Minggu 28 Maret 2019, sejumlah perempuan muda yang tergabung dalam Aliansi Cerahkan Negeri (ACN) mengadakan aksi di Bundara HI Jakarta. Memanfaatkan Car Free Day (CFD), aksi tersebut diadakan pagi hari sejak pukul 07.00 pagi. Aksi yang diinisiasi oleh ACN ini merupakan bentuk dari penolakan terhadap Rancangan Undang-Undang Penghapusan Kekerasan Seksual (RUU P-KS).
ACN sendiri merupakan gabungan berbagai organisasi pemuda yang peduli pada masa depan generasi muda Indonesia. Beberapa organisasi tersebut diantaranya: #IndonesiaTanpaJIL (ITJ), Solidaritas Peduli Jilbab (SPJ), Kesatuan Aksi Mahasiswa Muslim Indonesia (KAMMI), Forum Lembaga Dakwah Kampus (FSLDK), Aku Cinta Islam (ACI), dan sebagainya.
Anila Gusfani juru bicara ACN mengatakan, “Kami sebagai perempuan muda Indonesia merasa dibungkam. Ketika kami menyuarakan perbedaan dengan tidak mendukung RUU P-KS, maka mereka para pendukung RUU P-KS memberikan stigma negatif pada kami. Padahal Indonesia adalah negara demokrasi. Jika mereka berhak menyuarakan pendapat, mengapa ketika kami bersuara yang berbeda dengan mereka, kami dibungkam?”
Selain memberikan stigma negatif pada kalangan yang kontra RUU P-KS, para pendukung RUU P-KS pun selalu melakukan penyerangan di dunia media sosial. Penyerangan ini dilakukan dalam bentuk komentar-komentar negatif, bullying, bahkan ancaman pemboikotan akun media sosial kontra RUU P-KS.
“Inilah yang membuat kami bingung. Indonesia adalah negara demokrasi. Semua warga negara berhak berpendapat. Namun ketika kami menunaikan hak kami sebagai warga negara, mengapa kami dibungkam? Apakah ini artinya hanya golongan mereka saja yang berhak bersuara?”

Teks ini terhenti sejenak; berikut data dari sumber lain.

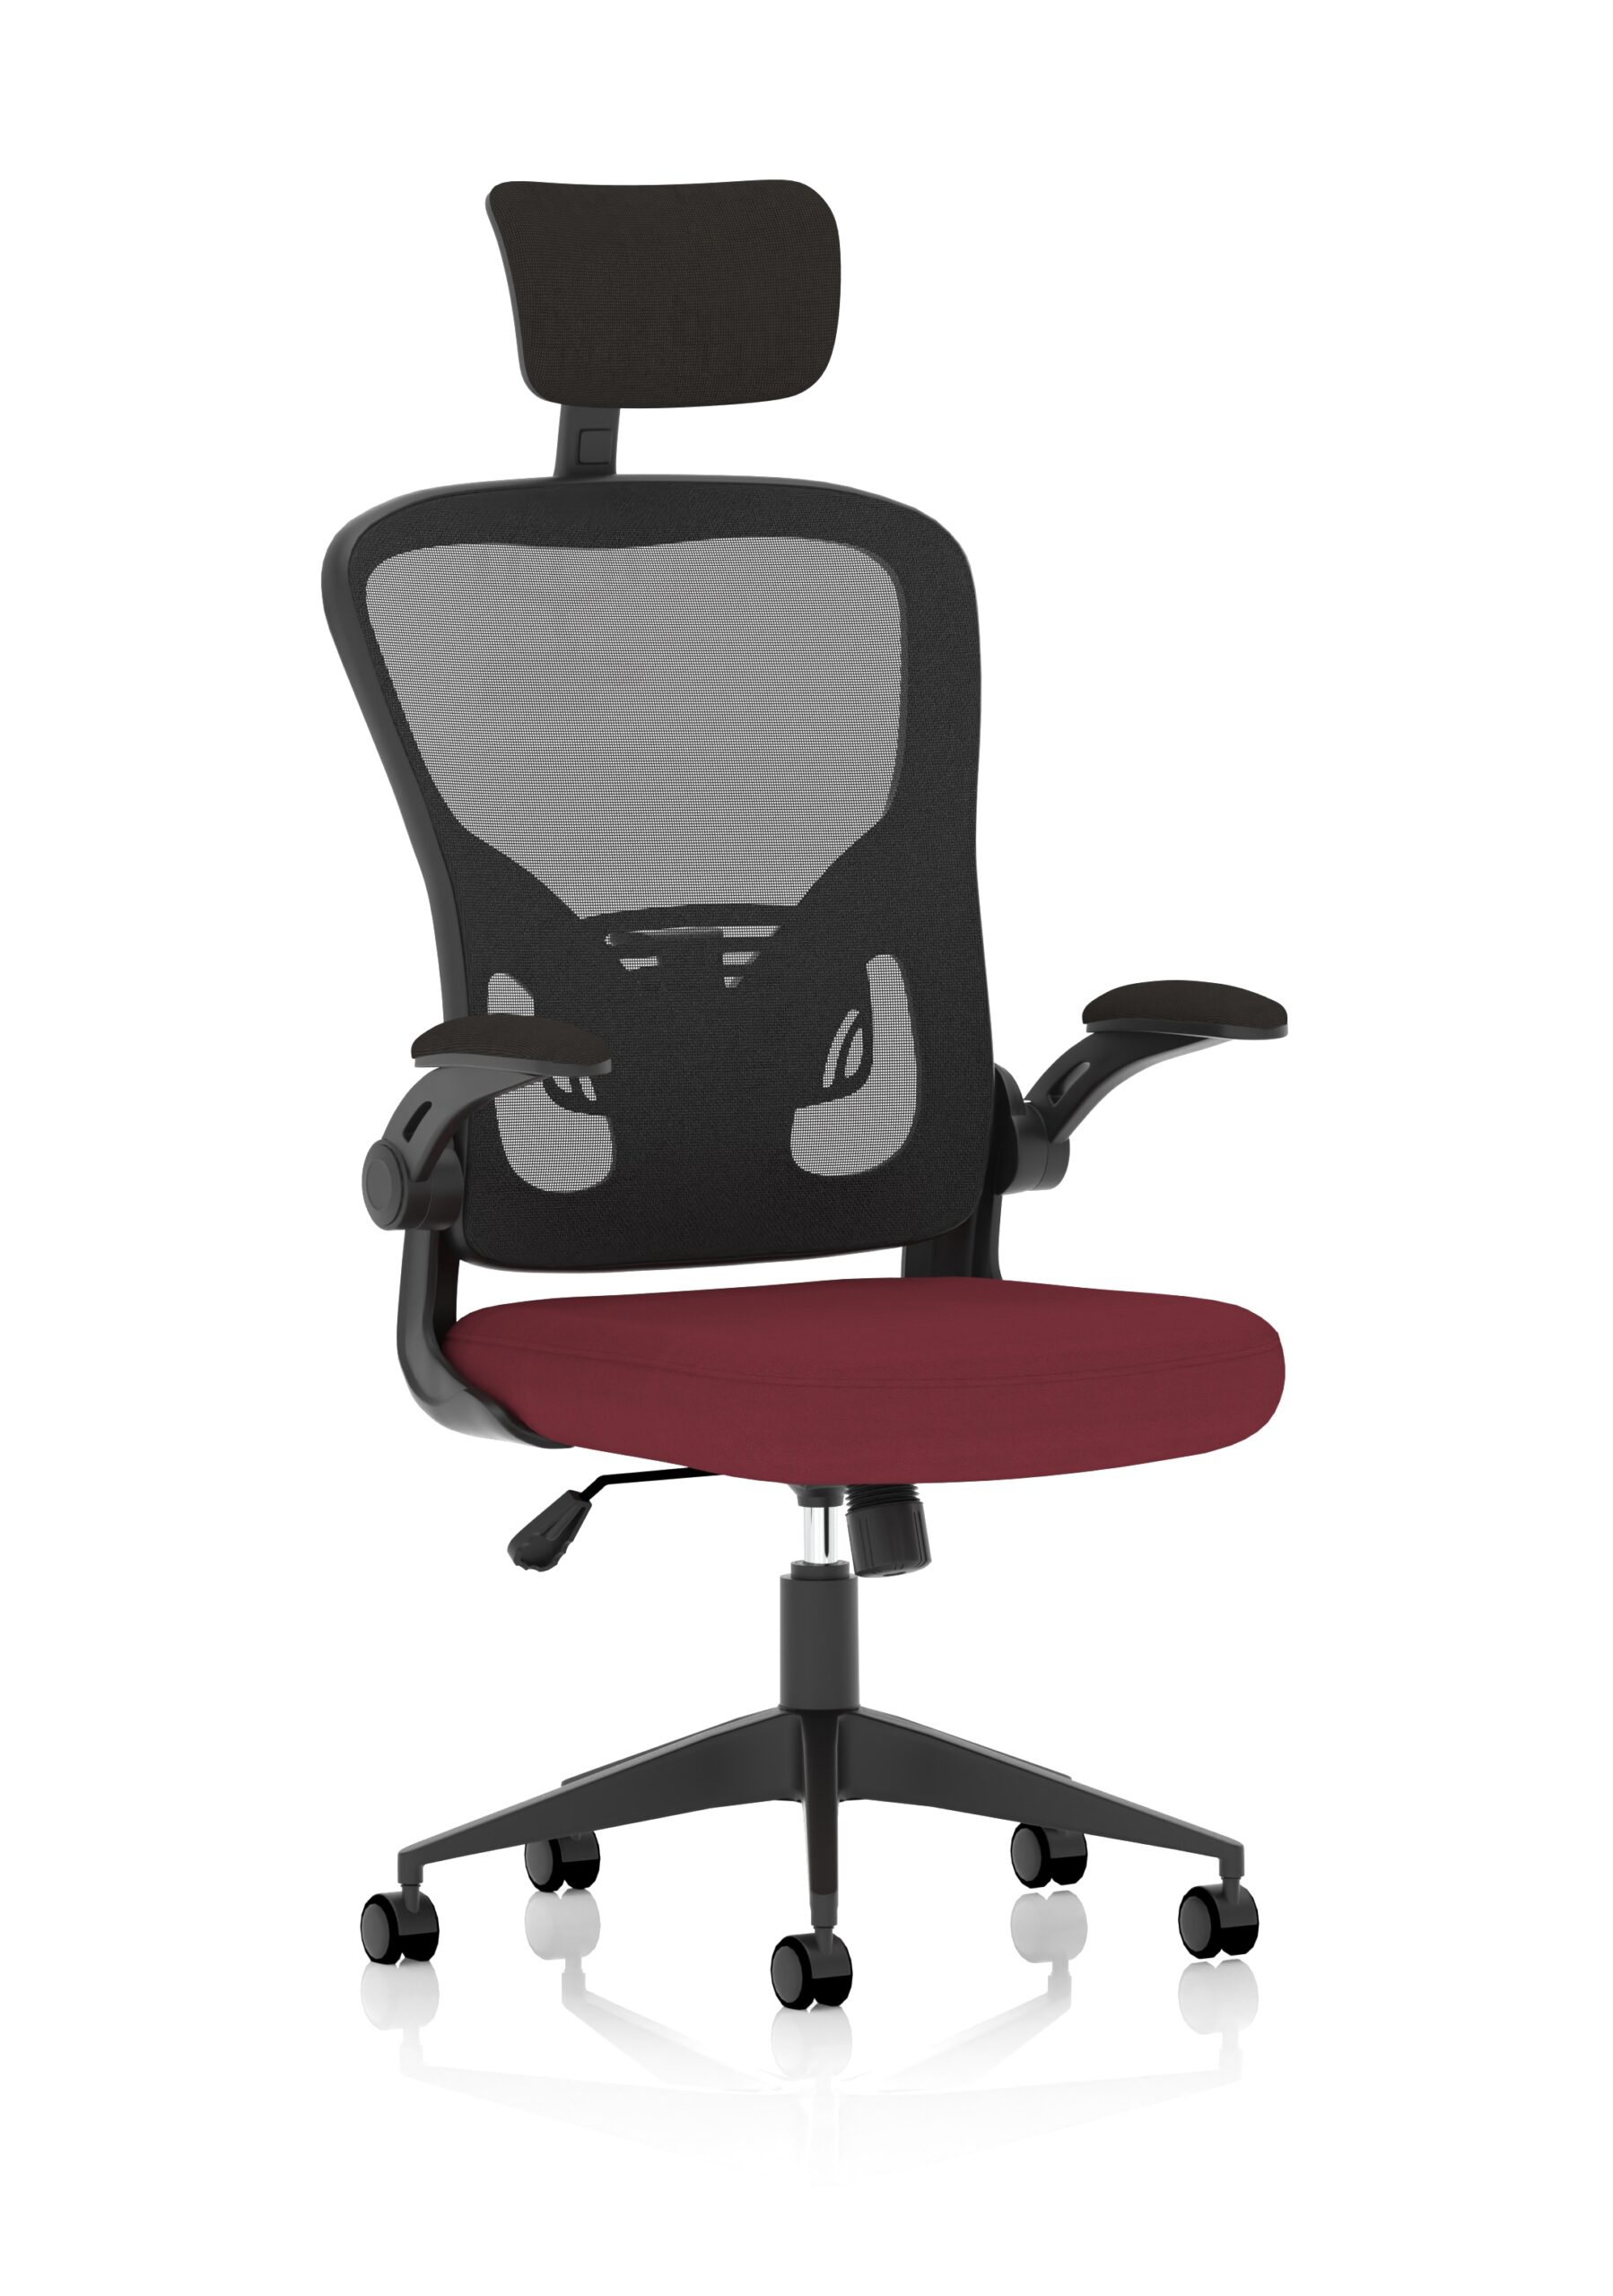 Masino Executive Bespoke Fabric Seat Ginseng Chilli Mesh Chair With Folding Arms

Aksi ACN kali ini diadakan serentak di beberapa kota besar di Indonesia. Diantaranya Bandung, Surabaya dan Yogyakarta.
Ketika ditanya alasan ACN menolak RUU P-KS, Anil menjelaskan “Yang menjadi dasar penolakan kami salah satunya adalah, RUU P-KS tidak mencantumkan Pancasila dan pembukaan UUD 1945 sebagai landasan. Hal ini sangat aneh bagi kami. Para pengusung RUU P-KS mengatakan bahwa RUU ini dibuat untuk melindungi perempuan. Nah, pertanyaan kami adalah, perempuan yang mana? Kalau melindungi perempuan Indonesia, maka seharusnya Pancasila dan UUD 1945 dijadikan landasan RUU ini. Selain itu, tidak ada pasal tentang zina. Menurut mereka, pasal zina sudah ada dalam KUHP. Namun harus kita ketahui bahwa zina yang selama ini diatur adalah zina yang dilakukan oleh seorang lelaki yang terikat pernikahan. Jadi, jika pelaku zina adalah orang yang tidak terikat pernikahan, maka tidak ada aturannya dalam undang-undang kita. Padahal dalam perzinaan yang paling dirugikan adalah perempuan. Inilah pertanyaan besar kami. Jika kampanye mereka mengatakan RUU P-KS dibuat untuk melindungi perempuan, kami balik bertanya: perempuan yang mana?”